Creating a custom packager - itemization (bundling & unbundling) tutorial

Creating a custom packager - itemization (bundling & unbundling) tutorial#

This tutorial walks through creating a custom packager that supports bundling and unbundling. The packager handles EvalSuite — a custom collection type that wraps dict[str, pd.DataFrame], where each key is an evaluation name and each value is a results DataFrame.

You will learn how to:

Define a custom collection type (EvalSuite)
Implement unbundle() so the "*" log-hint prefix decomposes the suite into individual dataset artifacts
Implement bundle() to reconstruct an EvalSuite from a dict of DataFrames
Implement pack_file() / unpack_file() for saving/loading the suite as a single artifact
Test all three flows: unbundled output, single-file output, and consuming a packed suite as a typed input in a downstream handler

In this section

The problem
Setup
Create the custom packager
Test 1: unbundling with "*"
Test 2: packing as a single file (no unbundling)
Test 3: consuming unbundled artifacts as an EvalSuite input
Summary of all three patterns

The problem#

Imagine a function that evaluates an AI system on multiple benchmarks and returns all results in a single object. Without bundling support you have two options:

Return the whole object as one artifact — opaque, hard to browse individual benchmarks in the UI
Manually break it apart — return each DataFrame separately and wire up the log hints by hand

With a bundling packager, you can return the single EvalSuite object and use "*eval_suite" in the log hint. The packager automatically unbundles it — each benchmark becomes its own DatasetArtifact. And when a downstream function needs the full suite, the packager re-bundles the individual artifacts back into an EvalSuite.

Setup#

In this tutorial, you'll create a project and define the EvalSuite type.

Create project#

import mlrun

project = mlrun.get_or_create_project("itemization-tutorial", "./")

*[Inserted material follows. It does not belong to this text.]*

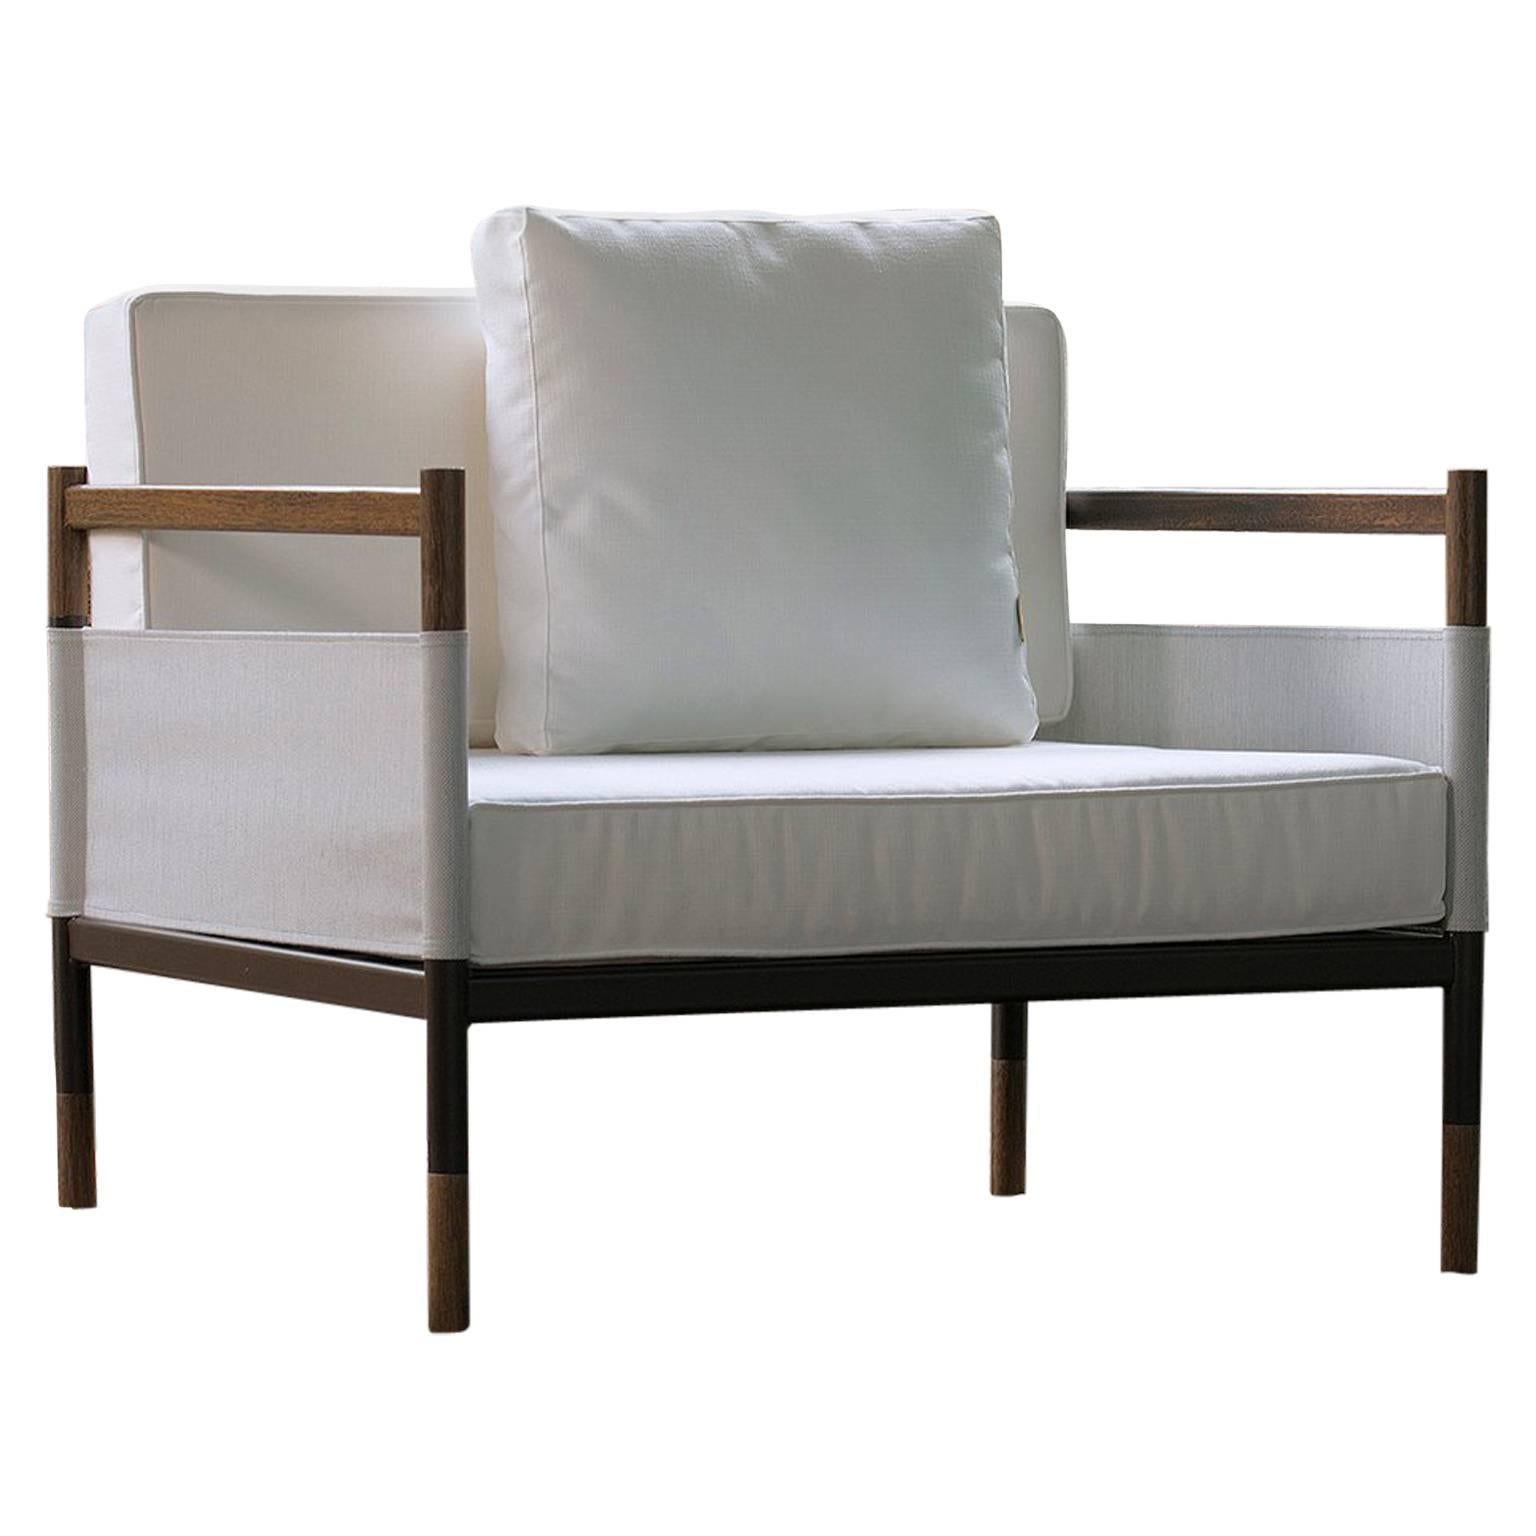 Minimalist Outdoor Lounge Chair, Brazilian Design

Define the EvalSuite type#

EvalSuite is a thin wrapper around dict[str, pd.DataFrame]. It inherits from dict so it behaves like a normal dictionary but has its own type — which is what the packager matches on.

%%writefile eval_suite.py

import pandas as pd


class EvalSuite(dict):
    """
    A collection of named evaluation results.

    Each key is a benchmark name (str) and each value is a
    results DataFrame (pd.DataFrame).
    """

    def summary(self) -> pd.DataFrame:
        """Return a summary DataFrame with mean scores per benchmark."""
        rows = []
        for name, df in self.items():
            numeric_cols = df.select_dtypes(include="number")
            row = {"benchmark": name, **numeric_cols.mean().to_dict()}
            rows.append(row)
        return pd.DataFrame(rows)

Write a function#

This handler simulates running three benchmarks and returns the results as an EvalSuite.

%%writefile run_benchmarks.py

import pandas as pd

from eval_suite import EvalSuite


def run_benchmarks(num_samples: int = 5) -> EvalSuite:
    """
    Simulate running multiple evaluation benchmarks.

    :param num_samples: Number of samples per benchmark.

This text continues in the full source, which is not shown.